### WHAT IS REQUIRED
What are the lines, word for word, from the line with "Auf Facebook kursieren" up to and including the line with "Компания по производству" in the records below? Omit the pictures.
━━ RECORDS SHOWN ━━
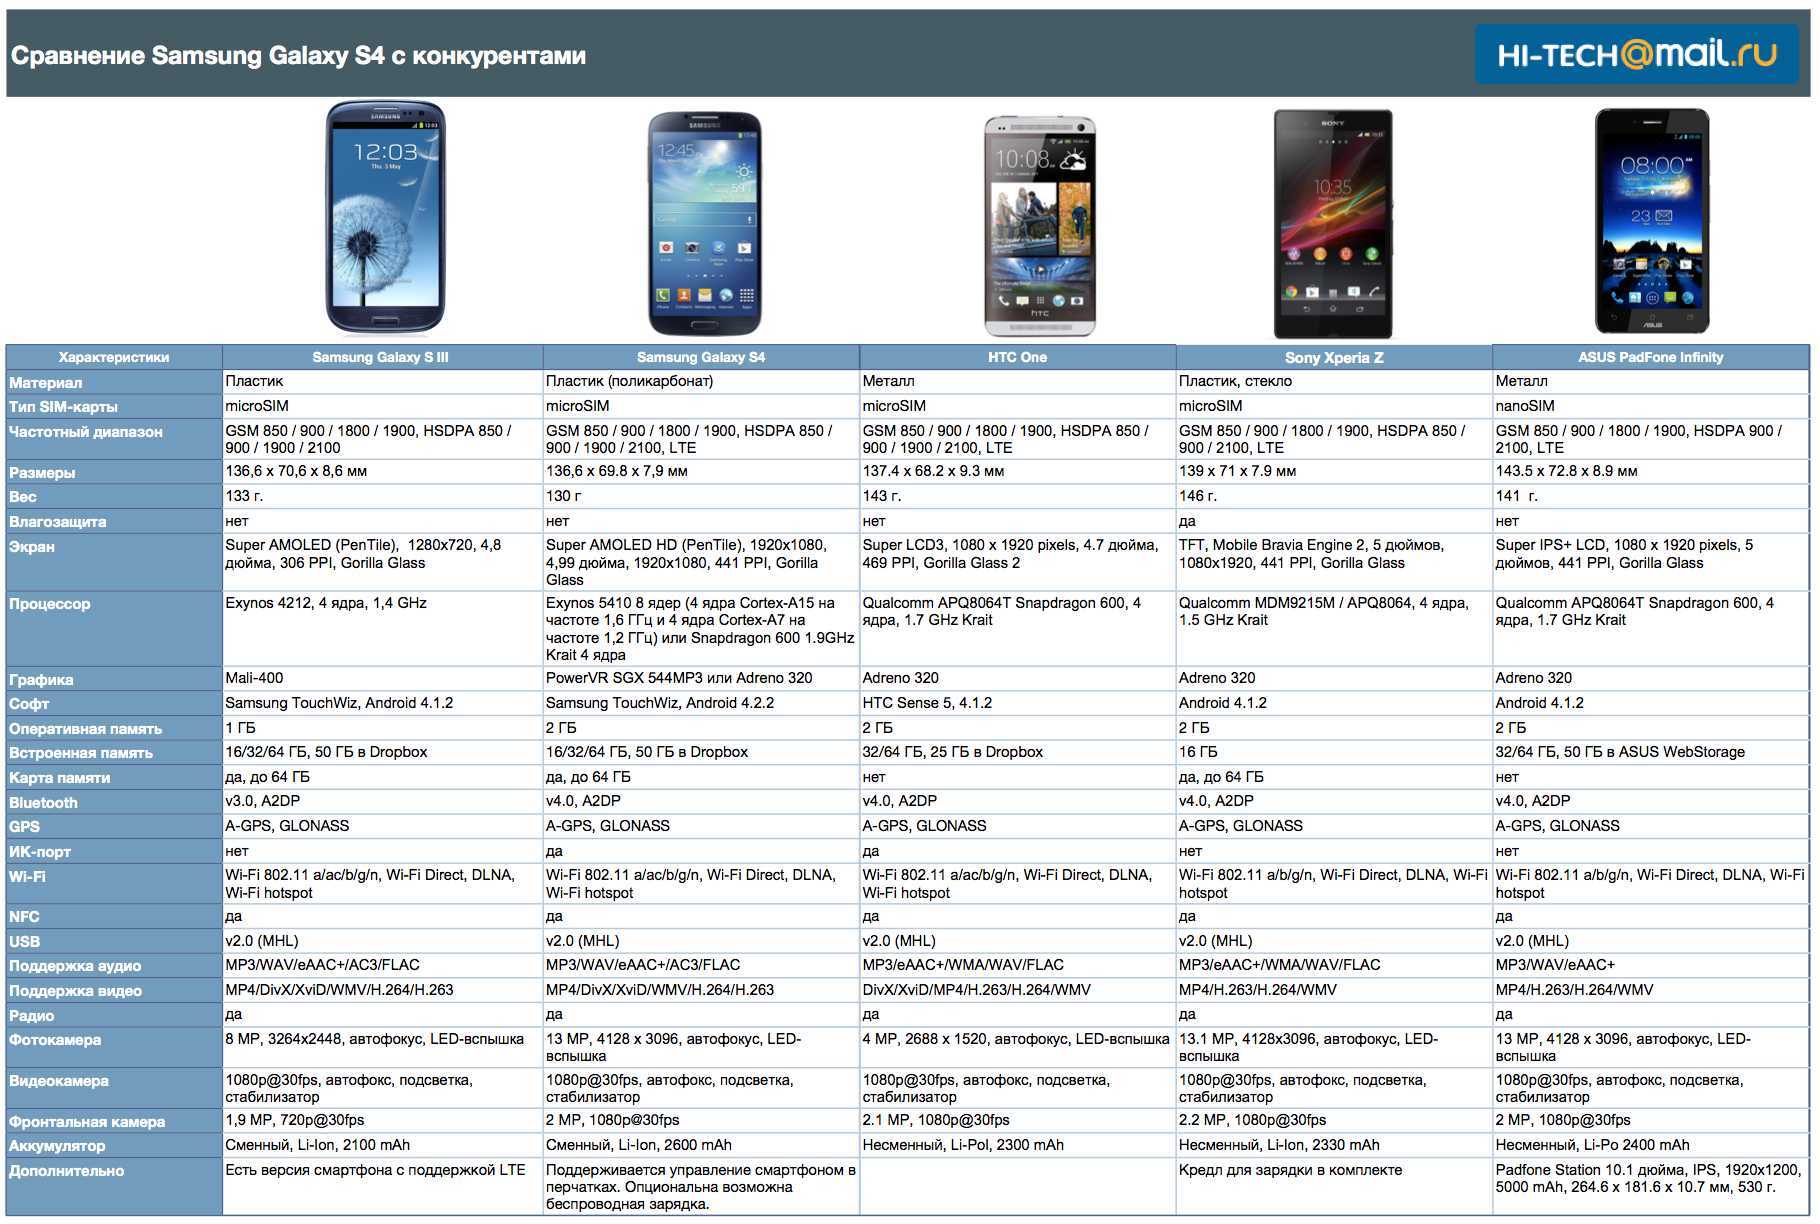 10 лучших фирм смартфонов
━━━
━━ RECORDS SHOWN ━━
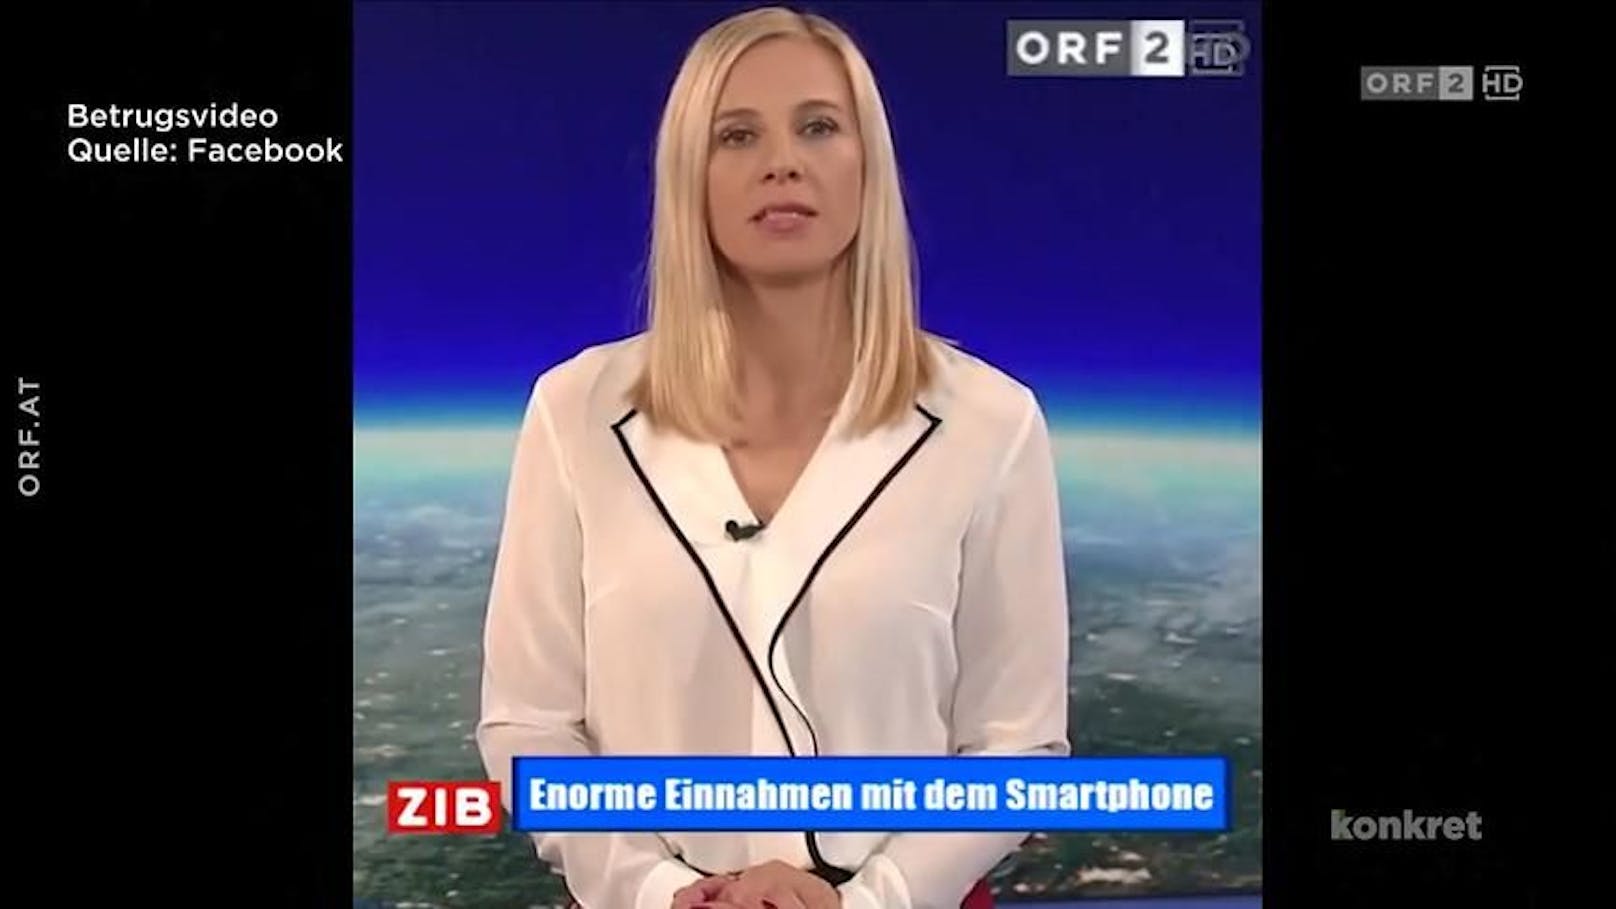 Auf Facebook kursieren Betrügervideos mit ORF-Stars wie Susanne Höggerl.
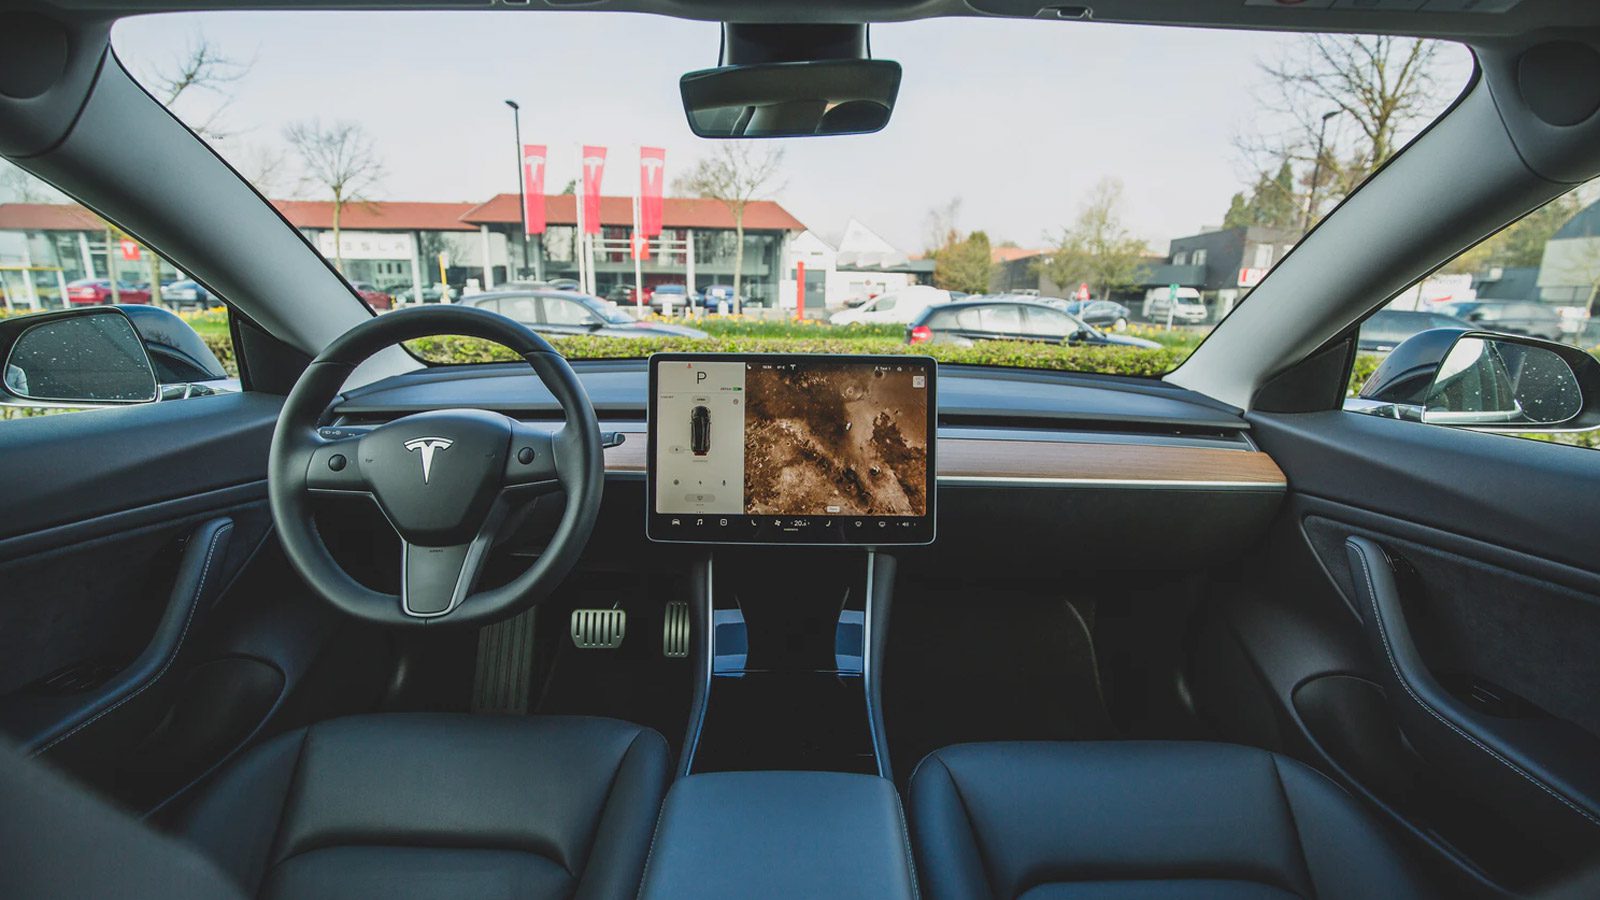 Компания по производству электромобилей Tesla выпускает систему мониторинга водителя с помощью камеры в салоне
━━━
### REPLY
 Auf Facebook kursieren Betrügervideos mit ORF-Stars wie Susanne Höggerl.
 Компания по производству электромобилей Tesla выпускает систему мониторинга водителя с помощью камеры в салоне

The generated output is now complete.